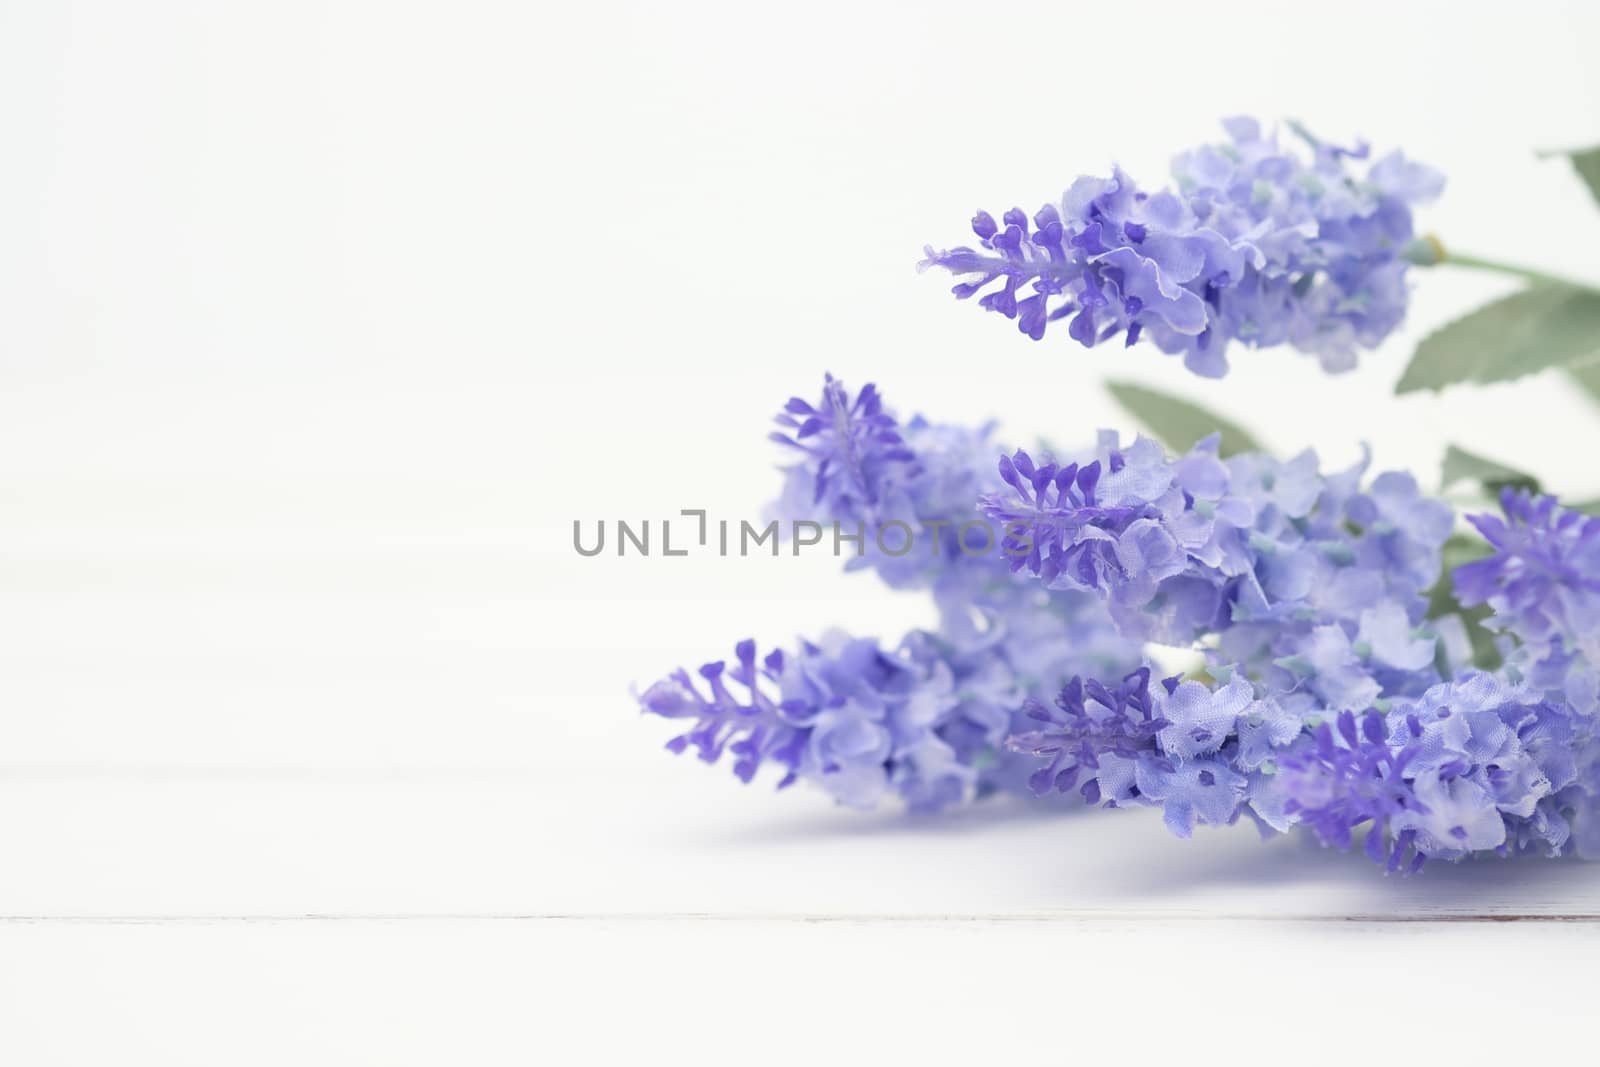 Lavender flowers on white wood table background
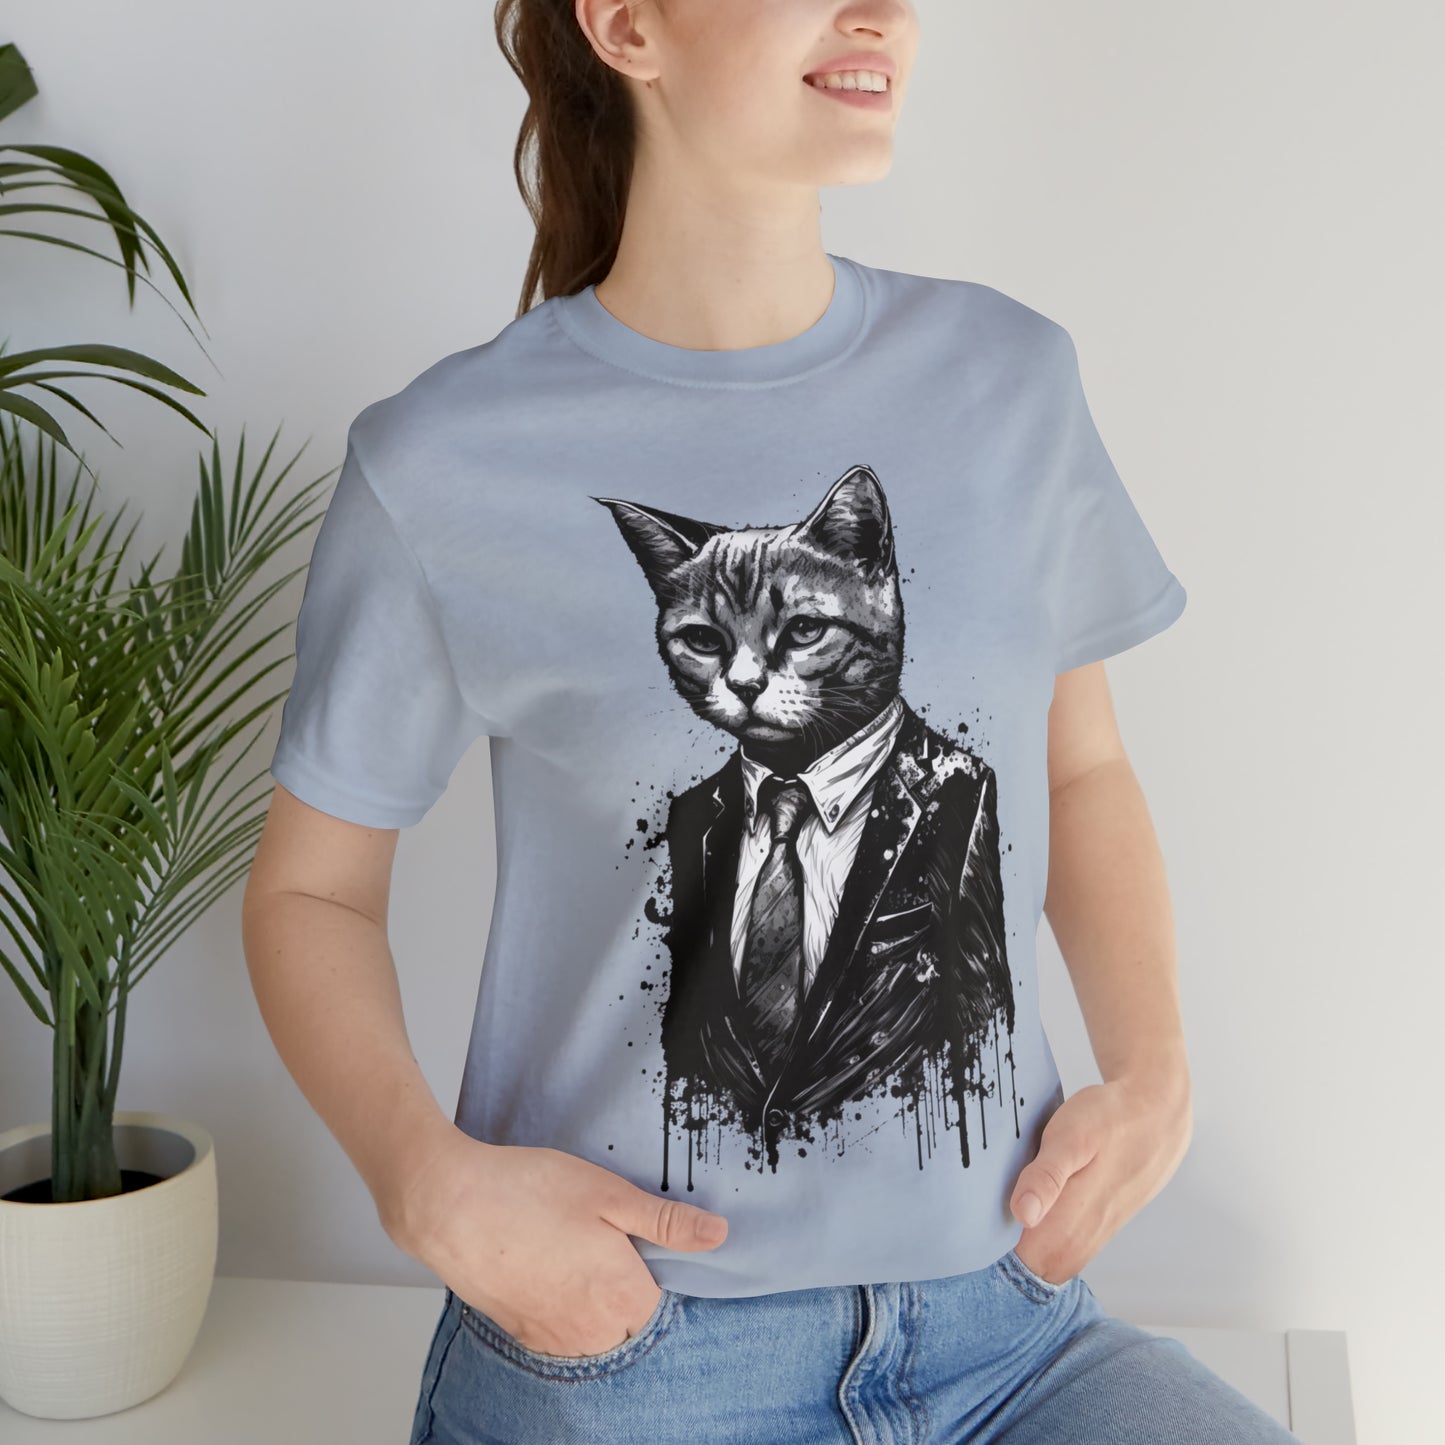 Elegant Cat in a Suit T-shirt, Cat Suit Outfit Tee shirt, Black Suit shirt, Business cat shirt, Boss cat tshirt, gift for cat lover
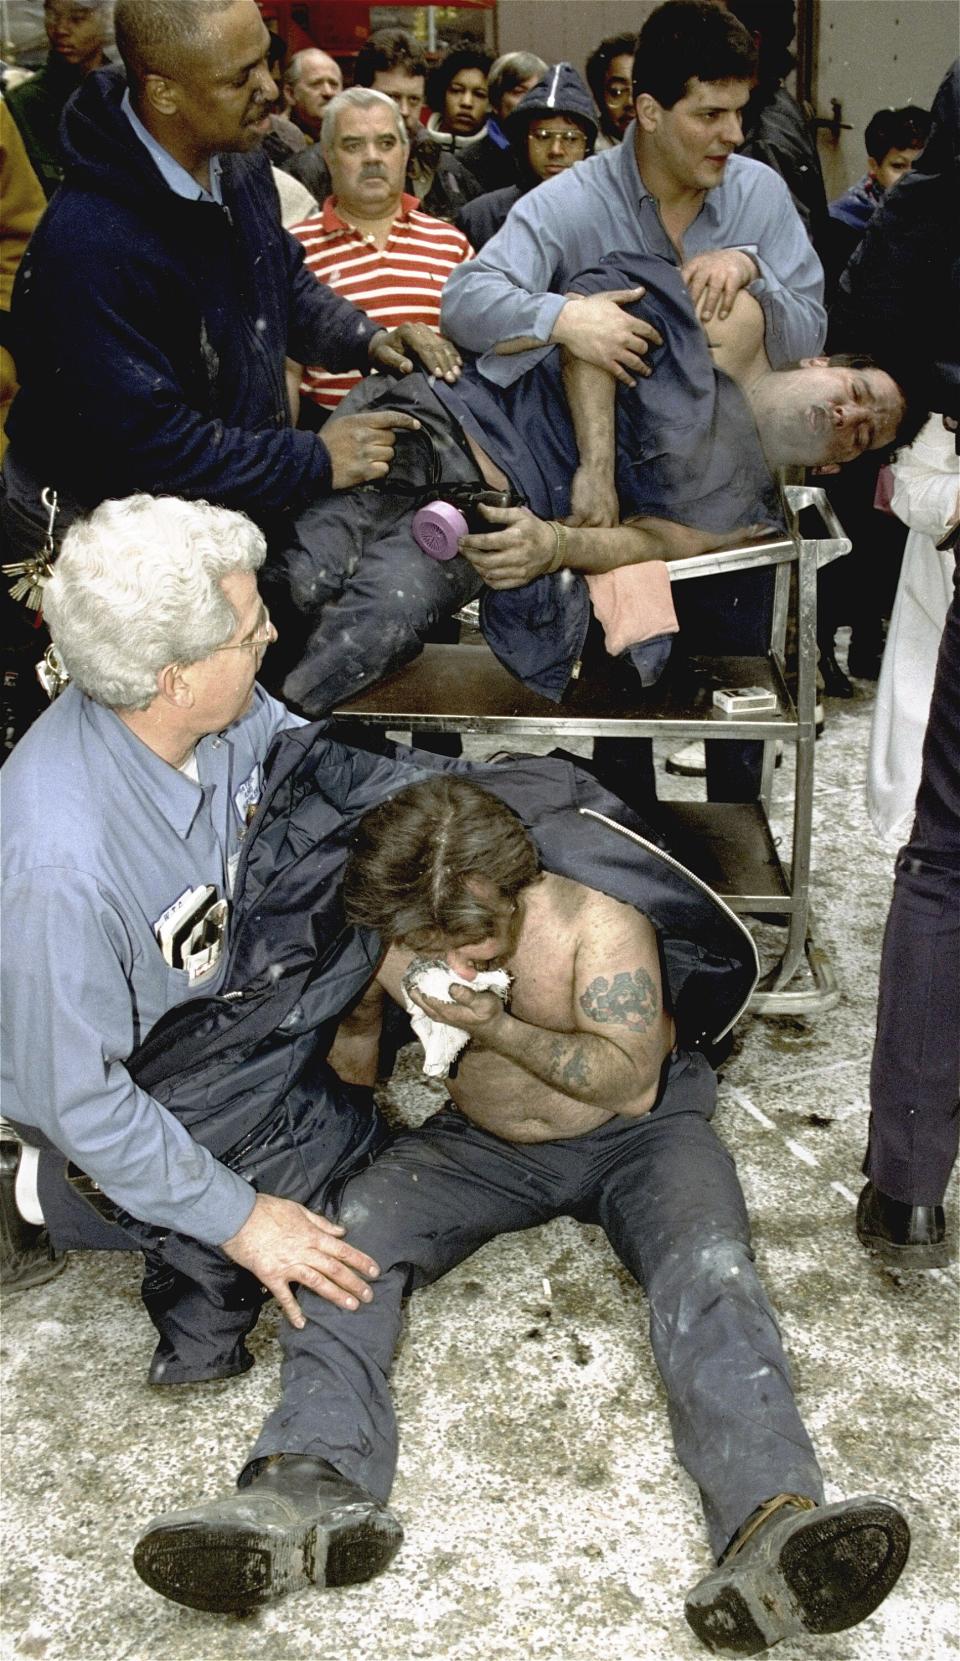 FILE - Victims of a fire at the World Trade Center in New York are treated at the scene, Feb. 26, 1993. New York City is marking the anniversary of the 1993 bombing that blew apart a van parked in an underground garage, killing six people and injured more than 1,000. The Port Authority of New York and New Jersey is holding a memorial Mass on Monday, Feb. 26, 2024 at St. Peter’s Church in Manhattan. (AP Photo/Marty Lederhandler, file)
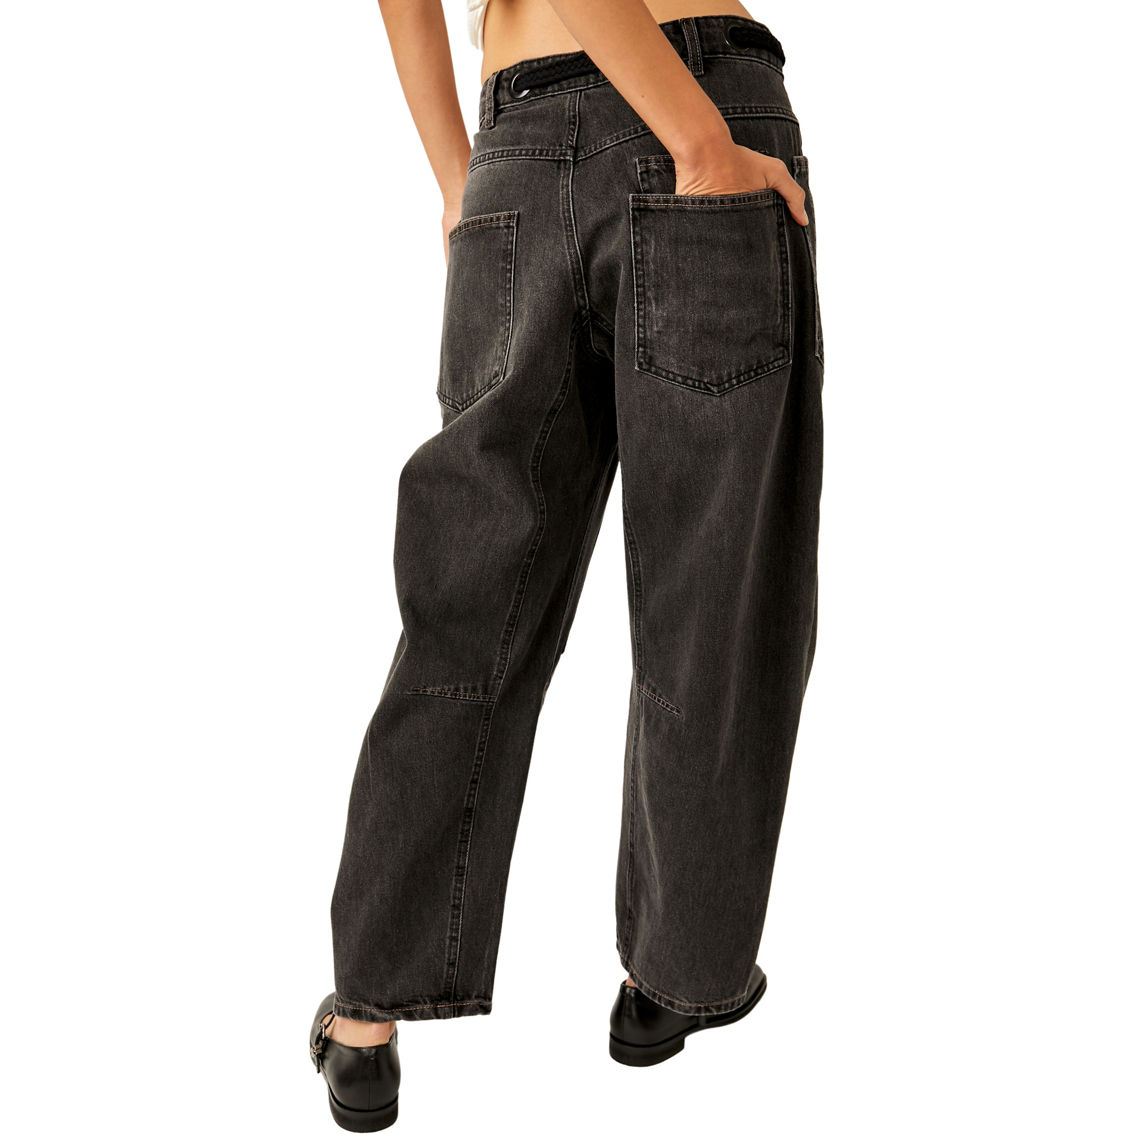 Free People Double Dutch Coated Pull On Jeans - Image 2 of 5

------------

| EXERCISE BRIEF |
The answer must be the full listing retyped exactly, with no pictures in it.

| ANSWER SPACE |
 Lavender flowers on white wood table background
 Elegant Cat in a Suit T-shirt, Cat Suit Outfit Tee shirt, Black Suit shirt, Business cat shirt, Boss cat tshirt, gift for cat lover
 FILE - Victims of a fire at the World Trade Center in New York are treated at the scene, Feb. 26, 1993. New York City is marking the anniversary of the 1993 bombing that blew apart a van parked in an underground garage, killing six people and injured more than 1,000. The Port Authority of New York and New Jersey is holding a memorial Mass on Monday, Feb. 26, 2024 at St. Peter’s Church in Manhattan. (AP Photo/Marty Lederhandler, file)
 Free People Double Dutch Coated Pull On Jeans - Image 2 of 5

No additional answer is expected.